Julian the Apostate and Modern Apostates of Theologians
背教者ユリアヌスと現代の背教神学者
日本では、クリスチャンの間でなくても背教者ユリアヌスのことは割合に有名らしい。日本だけのことではないが、キリスト教史というよりは、多くはあることないことをまじえたフィクションの世界で有名だからである。
ユリアヌス(Flavius Claudius Julianus)は4世紀のローマ皇帝で、国教化したキリスト教よりもローマ古来の異教を復活させようとした偏屈あるいは変わり者的豪の者であると言われるが、むしろ今で言う自由主義的な立場の人であり、異教を復活させる代わりにキリスト教も自由に活動させるというものであったらしい。彼の母親 Baslina は、彼を産んで間もなく亡くなっている。寂しい少年時代だったらしい。しかし、政治と軍事を司ることが運命の家系だから、なかなか凡人には想像もつかない凄まじい人生だった。果たして、死の床で「ナザレ人(イエス・キリストのこと)、汝が勝てり」と言ったかどうかは定かではないが、何ほどかイエスを思うところがあったのではないかと想像する。
私のブログに登場する回数の多い神学者に新約学者の Bart D. Ehrman がいるが、来年の2月にGod's Problem: How the Bible Fails to Answer Our Most Important Question--Why We Suffer という本を出すらしい。新約学者が神学の本を出すという趣向だが、この中に彼の、いわゆる背教というわけではないが、不信仰に陥った個人的体験も書かれているらしい。彼は思春期に劇的な改心で信仰の世界に入り、新約聖書は全文暗記したというから並ではない。初めは Moody Bible Institute という超保守的な学校で学び、最後はプリンストンで Bruce M. Metzger の指導を受けPh.D. の学位を取得した。(クレアモントのMcDonald 先生もそうだが、ハーヴァードに行く前はなにしろあのBob Jones University だからね。そして結局へんてこな研究傾向になる。今イーアマン先生はノースカロライナで教えている。

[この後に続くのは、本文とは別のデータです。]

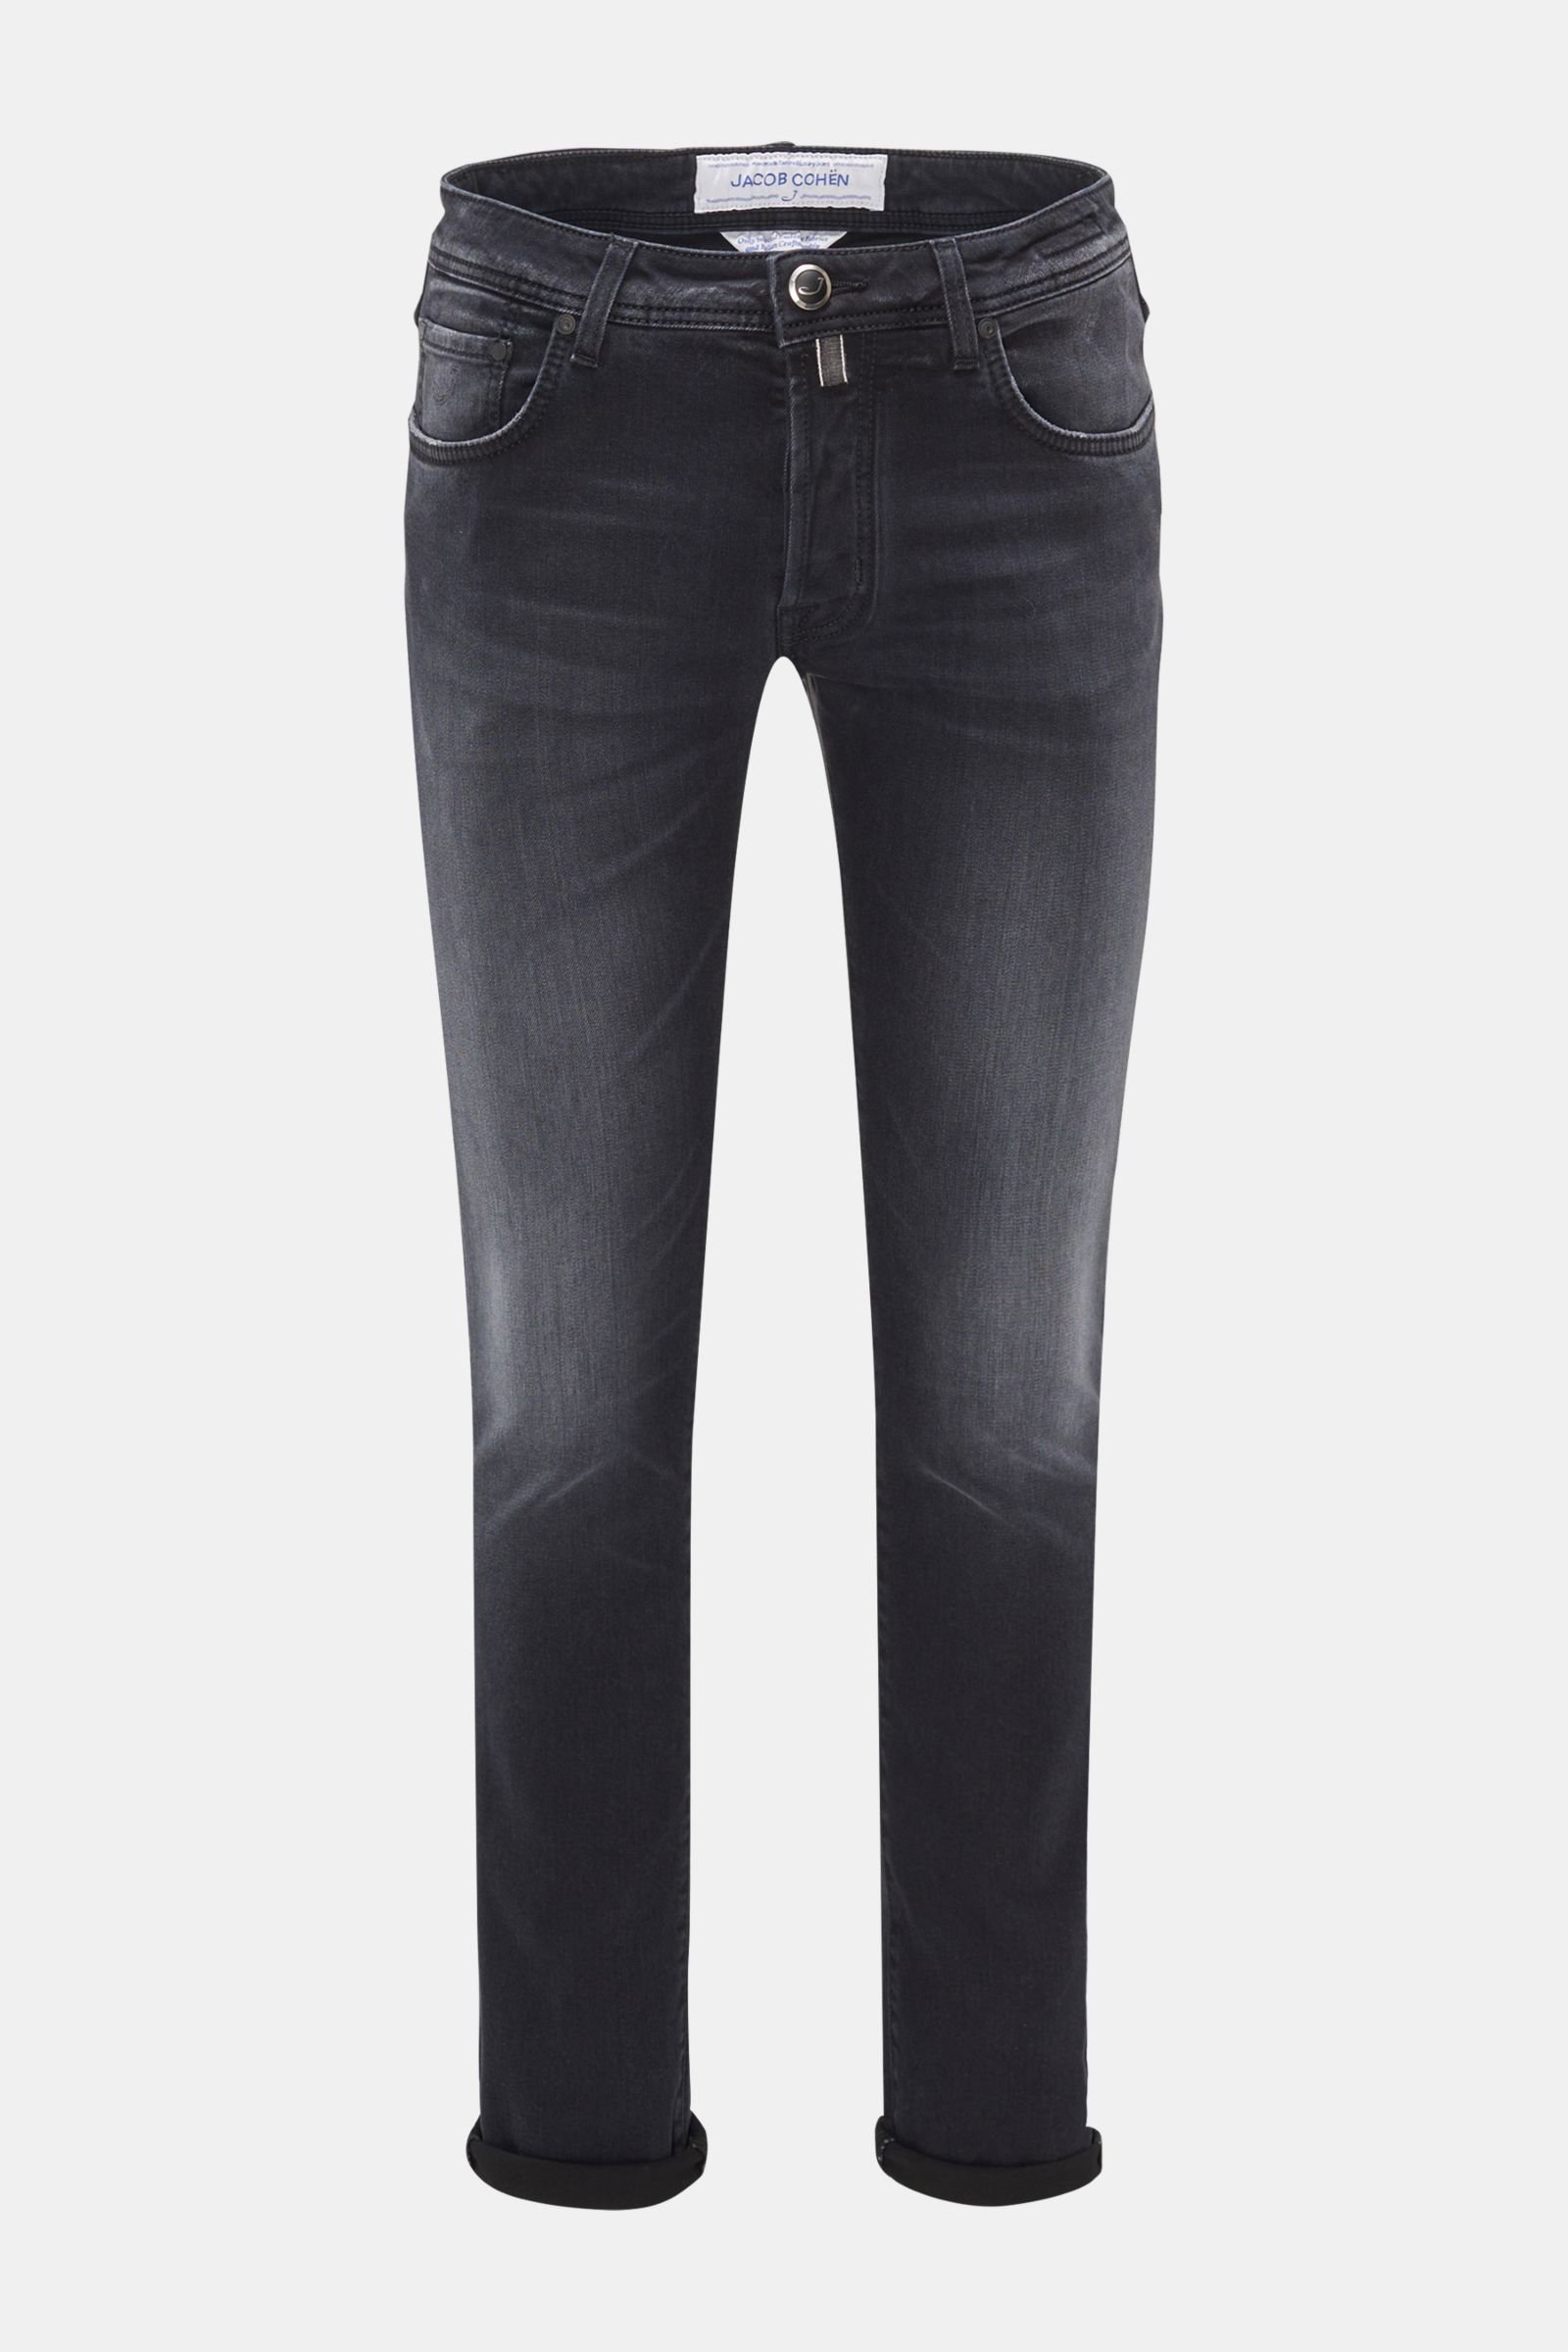 Jeans 'J688 Comfort Slim Fit' anthracite

大体だ、「なぜ俺たちは苦しむ」などという問題設定が問題だし誤解を生む元なのだが(Dr. Waterman 風に言えば、神学のゴミ)、神学の分科に Theodicy(神義論と日本語では言うと思う)というのが元々存在することは事実だ。20世紀後半でこの分野で有名な学者は John Hick。多分、日本語訳もあるだろう。このヒック先生はクレアモントでも教えていた。そして、このヒック先生と一緒に Why Believe in God? という本を書いた先生に(もう亡くなったが)Michael Goulder いう先生がいた。この先生はバーミンガムの僧正様だったが、「もう辞―めた、ついでにキリスト教信仰も止-めた」といってキリスト教の世界から姿を消した。1981年のことである。ある意味でプロテスタント系の学者の研究が袋小路に入っていた時期だ。
ゴールダー先生は、有能な若者のあたら青春を神学やキリスト教のために費やさせる呵責に忍びず、教えることを止めてしまったという次第。それから後、20世紀の終わり頃、イエス・キリストなど信じねー、と宣言したものだから、ゲッチンゲン大学のプロテスタント神学部を追い出され、一般教養学部に配置換えされた大将がいる。あの有名な Gerd Lüdemann だ。ただし、神学部を追い出されても新約学者で、いろんな変なことを教えている。しかし、ときどき鋭い聖書の解釈もする。
このリューデマン大将とイーアマン提督はサンディエゴの学会上に現れる予定。イーアマン先生、あんたは新約学者なんで、その限りは立派、余計なことに首を突っ込むと危ういなー。本が出たら、こきおろしたろ。